━━ Data for this exercise

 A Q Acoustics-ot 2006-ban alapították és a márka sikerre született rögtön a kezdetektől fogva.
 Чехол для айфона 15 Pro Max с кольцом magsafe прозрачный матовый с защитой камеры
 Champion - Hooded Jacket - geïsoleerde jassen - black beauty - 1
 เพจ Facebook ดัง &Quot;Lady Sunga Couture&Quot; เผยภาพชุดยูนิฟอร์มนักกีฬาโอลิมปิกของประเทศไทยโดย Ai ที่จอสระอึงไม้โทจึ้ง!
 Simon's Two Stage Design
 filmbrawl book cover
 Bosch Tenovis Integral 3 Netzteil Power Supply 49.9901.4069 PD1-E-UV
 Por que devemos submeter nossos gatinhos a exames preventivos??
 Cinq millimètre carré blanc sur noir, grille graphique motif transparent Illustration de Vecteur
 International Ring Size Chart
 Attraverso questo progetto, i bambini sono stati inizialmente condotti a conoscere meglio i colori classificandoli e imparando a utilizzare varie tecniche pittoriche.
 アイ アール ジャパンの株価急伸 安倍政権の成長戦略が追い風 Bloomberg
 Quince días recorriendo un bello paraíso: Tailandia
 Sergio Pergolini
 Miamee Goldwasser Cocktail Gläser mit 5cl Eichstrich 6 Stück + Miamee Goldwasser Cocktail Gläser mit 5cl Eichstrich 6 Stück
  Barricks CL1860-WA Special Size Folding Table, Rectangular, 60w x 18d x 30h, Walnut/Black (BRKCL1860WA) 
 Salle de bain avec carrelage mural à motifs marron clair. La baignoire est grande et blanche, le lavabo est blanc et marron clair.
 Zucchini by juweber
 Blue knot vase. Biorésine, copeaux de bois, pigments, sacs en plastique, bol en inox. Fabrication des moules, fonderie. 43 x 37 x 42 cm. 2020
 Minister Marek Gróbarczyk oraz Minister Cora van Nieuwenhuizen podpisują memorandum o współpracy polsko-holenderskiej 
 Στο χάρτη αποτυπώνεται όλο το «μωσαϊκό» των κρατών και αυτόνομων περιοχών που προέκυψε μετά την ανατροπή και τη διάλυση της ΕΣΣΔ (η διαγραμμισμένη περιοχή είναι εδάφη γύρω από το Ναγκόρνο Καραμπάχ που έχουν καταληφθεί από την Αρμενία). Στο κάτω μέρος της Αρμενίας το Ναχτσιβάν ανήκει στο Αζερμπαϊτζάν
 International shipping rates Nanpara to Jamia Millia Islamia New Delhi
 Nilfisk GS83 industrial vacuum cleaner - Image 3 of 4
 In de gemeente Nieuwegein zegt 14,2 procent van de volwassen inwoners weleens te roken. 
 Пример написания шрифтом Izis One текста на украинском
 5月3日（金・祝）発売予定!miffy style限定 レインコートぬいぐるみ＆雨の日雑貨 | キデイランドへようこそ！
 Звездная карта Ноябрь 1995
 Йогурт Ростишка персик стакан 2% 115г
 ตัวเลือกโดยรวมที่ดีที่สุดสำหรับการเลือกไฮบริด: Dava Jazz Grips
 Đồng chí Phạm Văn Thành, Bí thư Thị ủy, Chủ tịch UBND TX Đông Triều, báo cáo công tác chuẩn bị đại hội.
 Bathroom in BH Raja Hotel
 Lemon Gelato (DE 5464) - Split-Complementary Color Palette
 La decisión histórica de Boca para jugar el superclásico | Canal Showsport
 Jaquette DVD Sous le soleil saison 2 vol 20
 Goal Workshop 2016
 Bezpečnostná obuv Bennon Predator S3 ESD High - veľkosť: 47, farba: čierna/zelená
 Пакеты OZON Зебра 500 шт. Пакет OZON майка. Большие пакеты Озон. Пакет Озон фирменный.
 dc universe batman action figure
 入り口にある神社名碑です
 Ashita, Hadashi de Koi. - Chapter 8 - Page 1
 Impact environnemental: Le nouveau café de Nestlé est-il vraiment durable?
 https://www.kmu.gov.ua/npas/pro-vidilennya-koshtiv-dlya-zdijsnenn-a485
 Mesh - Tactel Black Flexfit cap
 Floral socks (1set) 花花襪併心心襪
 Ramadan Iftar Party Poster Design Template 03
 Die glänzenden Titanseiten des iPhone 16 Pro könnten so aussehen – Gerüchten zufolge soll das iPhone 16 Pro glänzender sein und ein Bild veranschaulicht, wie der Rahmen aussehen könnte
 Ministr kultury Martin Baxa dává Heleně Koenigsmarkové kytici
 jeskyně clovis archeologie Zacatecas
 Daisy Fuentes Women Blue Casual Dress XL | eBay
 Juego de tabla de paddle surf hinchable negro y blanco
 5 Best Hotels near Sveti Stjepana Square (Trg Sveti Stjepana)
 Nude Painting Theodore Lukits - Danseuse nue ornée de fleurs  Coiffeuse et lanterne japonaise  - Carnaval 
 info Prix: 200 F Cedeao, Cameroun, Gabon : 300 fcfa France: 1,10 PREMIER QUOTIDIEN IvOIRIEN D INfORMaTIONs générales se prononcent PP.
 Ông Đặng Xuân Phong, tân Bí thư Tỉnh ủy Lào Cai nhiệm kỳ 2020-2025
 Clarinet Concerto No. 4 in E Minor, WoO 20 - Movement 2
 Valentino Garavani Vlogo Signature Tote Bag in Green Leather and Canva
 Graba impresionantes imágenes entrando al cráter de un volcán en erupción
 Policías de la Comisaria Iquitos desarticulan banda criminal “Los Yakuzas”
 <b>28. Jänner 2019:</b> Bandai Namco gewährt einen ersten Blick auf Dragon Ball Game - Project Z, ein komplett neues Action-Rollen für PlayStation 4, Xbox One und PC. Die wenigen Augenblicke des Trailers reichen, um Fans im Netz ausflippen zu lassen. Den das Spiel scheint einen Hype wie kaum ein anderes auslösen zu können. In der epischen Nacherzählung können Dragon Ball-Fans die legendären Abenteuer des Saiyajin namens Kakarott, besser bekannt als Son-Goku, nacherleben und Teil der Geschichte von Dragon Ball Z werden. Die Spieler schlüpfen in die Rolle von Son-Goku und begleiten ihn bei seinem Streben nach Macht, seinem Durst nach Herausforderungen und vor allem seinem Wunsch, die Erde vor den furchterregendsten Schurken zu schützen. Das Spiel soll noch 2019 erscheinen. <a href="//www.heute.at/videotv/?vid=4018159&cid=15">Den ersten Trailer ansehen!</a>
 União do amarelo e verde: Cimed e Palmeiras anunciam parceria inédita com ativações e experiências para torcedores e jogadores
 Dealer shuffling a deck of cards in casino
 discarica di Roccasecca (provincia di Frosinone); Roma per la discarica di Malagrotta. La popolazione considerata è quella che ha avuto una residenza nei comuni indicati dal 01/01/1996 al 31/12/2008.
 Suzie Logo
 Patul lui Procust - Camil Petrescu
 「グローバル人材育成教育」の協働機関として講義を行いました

━━━━

§ **Work request**
Print the records above verbatim from their first line to the line containing "Bosch Tenovis Integral", both included, and stop there.

§ **Expected answer**
 A Q Acoustics-ot 2006-ban alapították és a márka sikerre született rögtön a kezdetektől fogva.
 Чехол для айфона 15 Pro Max с кольцом magsafe прозрачный матовый с защитой камеры
 Champion - Hooded Jacket - geïsoleerde jassen - black beauty - 1
 เพจ Facebook ดัง &Quot;Lady Sunga Couture&Quot; เผยภาพชุดยูนิฟอร์มนักกีฬาโอลิมปิกของประเทศไทยโดย Ai ที่จอสระอึงไม้โทจึ้ง!
 Simon's Two Stage Design
 filmbrawl book cover
 Bosch Tenovis Integral 3 Netzteil Power Supply 49.9901.4069 PD1-E-UV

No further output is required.